Toute la difficulté tient dans cette phrase. « L’ensemble » veut dire les équipes de nuit, les postes décalés, les sites éloignés. Et « sans perturber la production » veut dire qu’on ne réunit jamais plus d’une poignée de personnes à la fois.

Situation de départ

  • Un groupe multi-sites où la formation sécurité ne touche jamais tout le monde — il reste toujours une équipe, un poste, un site qu’on repousse à plus tard.
  • Des collaborateurs expérimentés qui connaissent les règles et se blessent malgré tout : le problème n’est pas l’ignorance, c’est l’habitude.
  • Une production qui ne peut pas s’arrêter pour libérer des salles entières.
  • Des contenus de formation génériques, qui montrent des ateliers que personne ne reconnaît.

Ce que COBEL a mis en place

  • Un format court et répétable — une demi-journée, par groupes de dix à douze personnes — conçu pour se glisser dans l’organisation existante plutôt que de la bousculer.
  • Un dispositif échelonné site par site, étalé sur plusieurs mois, avec jusqu’à deux sessions par jour.
  • Des sessions de nuit, au même titre que les sessions du matin et de l’après-midi. C’est ce qui fait qu’« l’ensemble des collaborateurs » veut vraiment dire l’ensemble.
  • Une ingénierie refaite pour chaque site : photos de l’atelier concerné, quiz et supports adaptés au contexte local. Les participants travaillent sur leurs propres situations, pas sur une usine de catalogue.
  • Un travail sur le mode automatique plutôt que sur les règles : comprendre pourquoi un professionnel compétent fait ce qu’il fait d’habitude, même quand il sait qu’il ne devrait pas.
  • Une évaluation en fin de session et une validation des acquis, avec les attestations correspondantes.

Ce qui a changé

Le déploiement couvre ce que les formations sécurité laissent habituellement de côté.

6 sites du groupe, France et Suisse
36 sessions planifiées sur 25 jours d’intervention
3 équipes matin, après-midi et nuit

Et le contenu n’est jamais le même deux fois. Pour chaque site, les photos sont demandées, reçues, intégrées ; le quiz et le diaporama sont refaits. Un opérateur qui reconnaît son propre poste sur l’écran n’écoute pas de la même façon.

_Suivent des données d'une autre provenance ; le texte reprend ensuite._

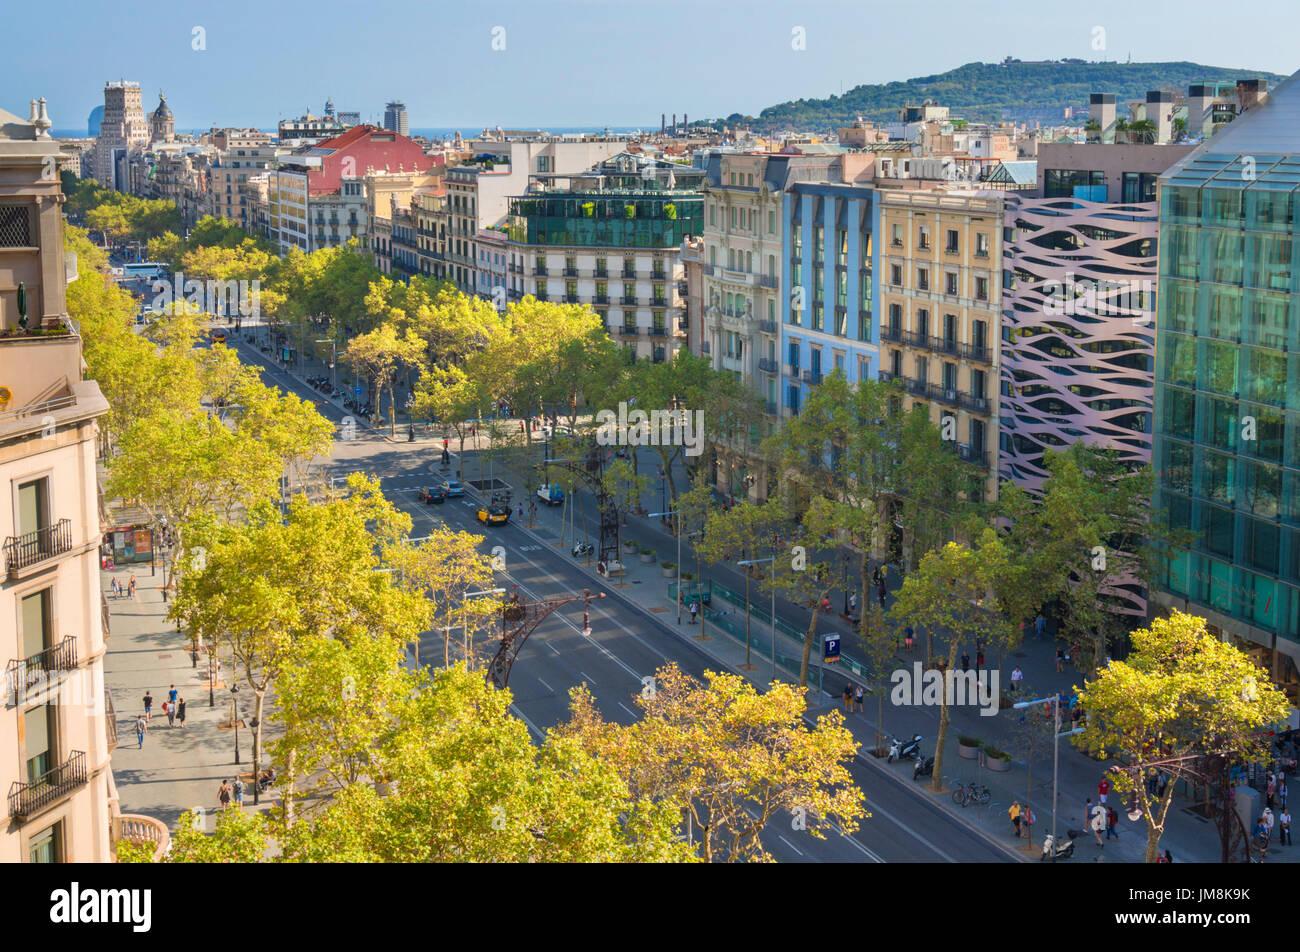 Barcelone Espagne Catalunya bordée d'occupé l'avenue Passeig de Gracia, dans le quartier L'Eixample de Barcelone Espagne eu Europe Catalogne Photo Stock

Le dispositif s’est étendu au-delà du périmètre initial. Parti d’un site, il a été repris par le groupe, puis étendu à la direction et à la filiale suisse. C’est généralement le meilleur indicateur qu’une formation a produit son effet : ce sont les sites voisins qui la réclament.

Ce que ça change au quotidien

Pour la direction — l’engagement « tous nos collaborateurs seront sensibilisés » est tenu, et vérifiable site par site, sans qu’aucune ligne de production n’ait été arrêtée.

Pour les responsables de site — ils reçoivent un dispositif calé sur leur organisation réelle : leurs créneaux, leurs équipes, leurs photos. Pas un planning imposé depuis le siège.

Pour les équipes de nuit — elles sont formées comme les autres, sur le même contenu, au même niveau d’exigence. C’est souvent la première fois.

Pour les opérateurs — ils travaillent sur les situations de leur propre atelier, et repartent avec une explication de ce qui les fait agir plutôt qu’avec une liste de règles qu’ils connaissaient déjà.